Two months after leaving his job, Gaertner accepted an opening with the Sedalia Police Department where he devoted 28 years of his life serving as a law enforcement officer, including five years as commander of the department.
He retired in 2005 and since then has given his time to help other veterans who are in need of help with either physical or emotional needs.
“I want the veterans of this area and this country to know that help is available to them,” Gaertner said. “Many veterans have no idea what is available.
“I think for so many of us, we are reluctant to talk about our experiences, especially those with PTSD (Post-Traumatic Stress Disorder) because of the unfair stigma associated with it,” he added. “I can understand and relate to them because I have struggled with PTSD since my return home.”
Gaertner said he now realizes he suffered with the condition for years, not understanding what it was at the time.
Gartner credits his wife of 43 years, Micki, who he describes as his rock, with helping him seek the treatment and help he needed.
He said he often was unable to sleep because of the multiple nightmares he suffered.
“I would wake up in the middle of the night shaking,” Gardner said. “Micki was always there to listen to me and tell me it would be alright; eventually I listened to her and got the help I needed.
“PTSD isn’t simply something combat veterans face; it is something that anyone who has suffered from a traumatic incident can experience,” he said.
Gaertner said he hopes both veterans and all citizens realize that by seeking help those suffering are not seeking a government handout, rather it is something that is owed to the veterans of America for their service.

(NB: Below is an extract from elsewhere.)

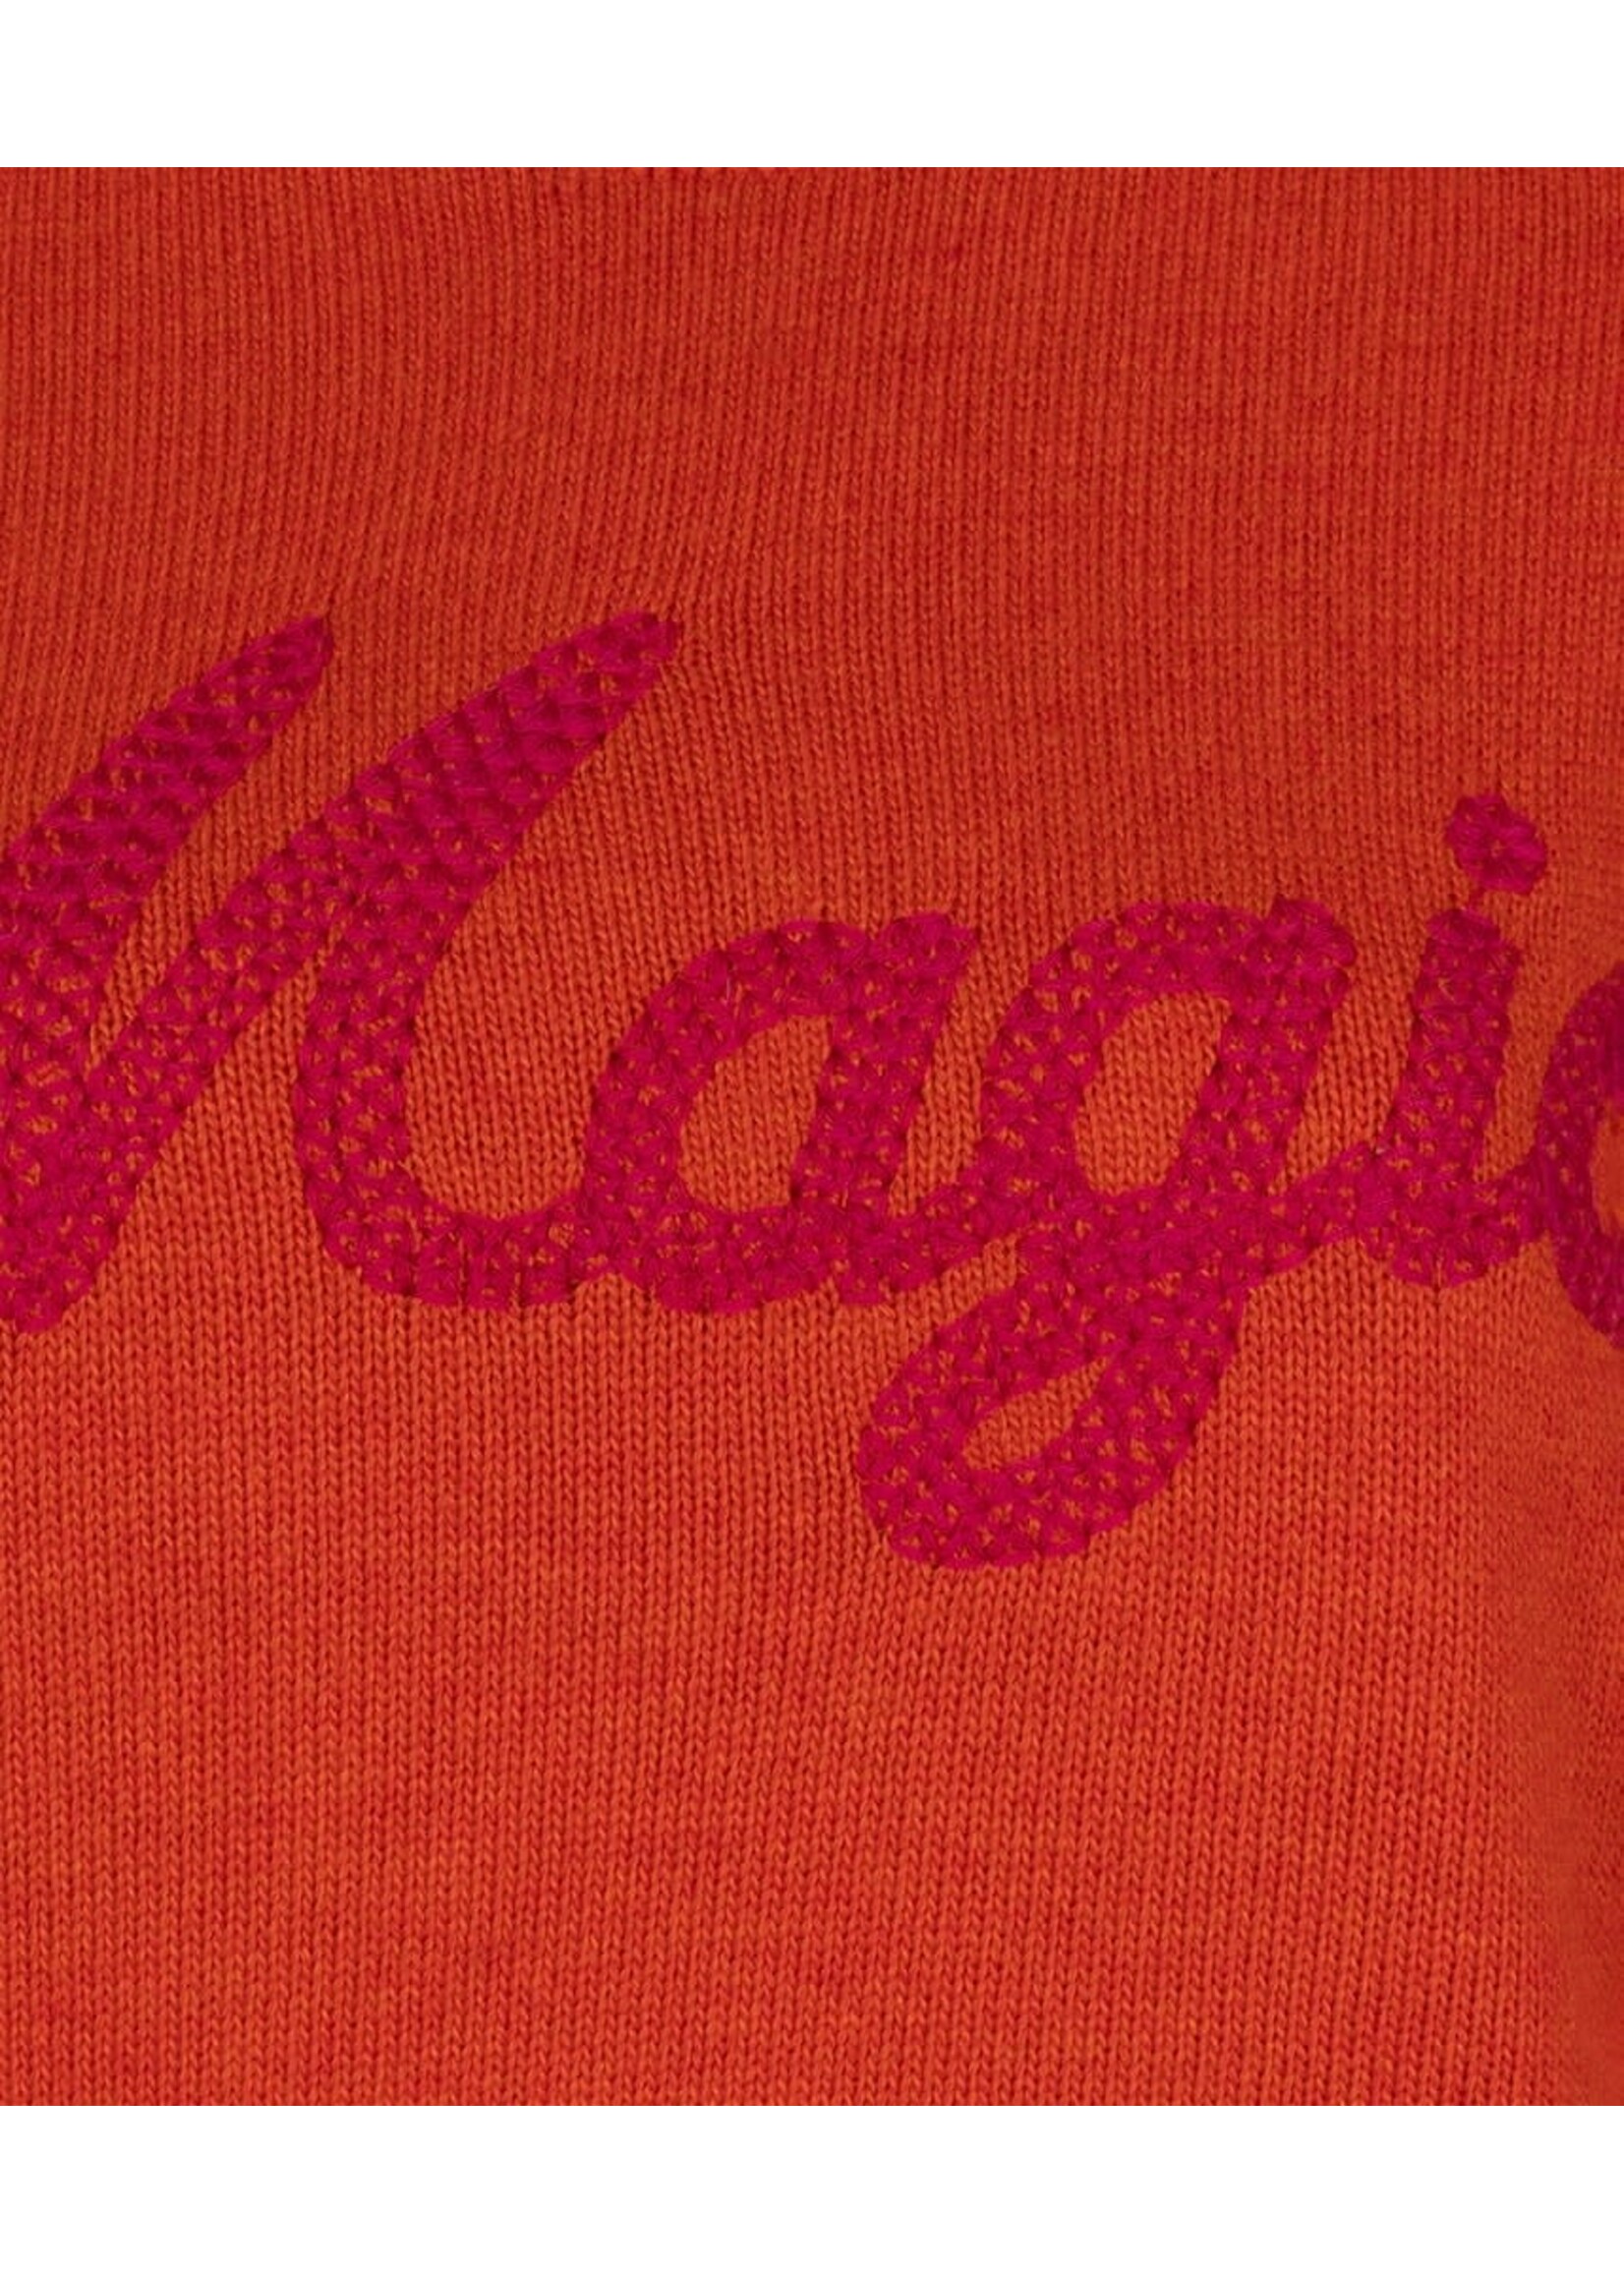 Esqualo Sweater “Magic” intarsia Oranje

“I think a question we should all be asking,” Gardner said, “Is not, ‘Why are there so many who are suffering from this?’ but rather, ‘Why aren’t there more?
“The situation is especially true for older retired veterans who have more time on their hands,” Gardner said. “Because they are no longer working they have more of their own time and that is when their mind tends to wander to places they don’t want to go.”
To help many veterans in their healing process, Gaertner serves as the vice president of the Honor Flight Program in Pettis County. He has been a member of the board since 2008.
“We’ve taken 19 flights so far,” Gaertner said. “They are a labor of love.
“We take 40 vets on each flight from World War II, Korea and Vietnam and 18 escorts who help with any needs (the veterans) may have. People always ask what was the best flight, we always tell them that is the one we just finished.”
Gaertner commented there is always a great deal of emotion on the flights, especially when the veterans visit the Vietnam War Memorial and the changing of the guard at the Tomb of the Unknown Soldiers, saying they were both popular and sobering.
Gaertner recommends any veteran who is seeking help to contact the VA Hospital in Columbia.
“The help is not just for combat veterans,” Gaertner said. “There should be no stigma or shame and this is not a government handout.
“The citizens of this country owe this to our veterans for their service.”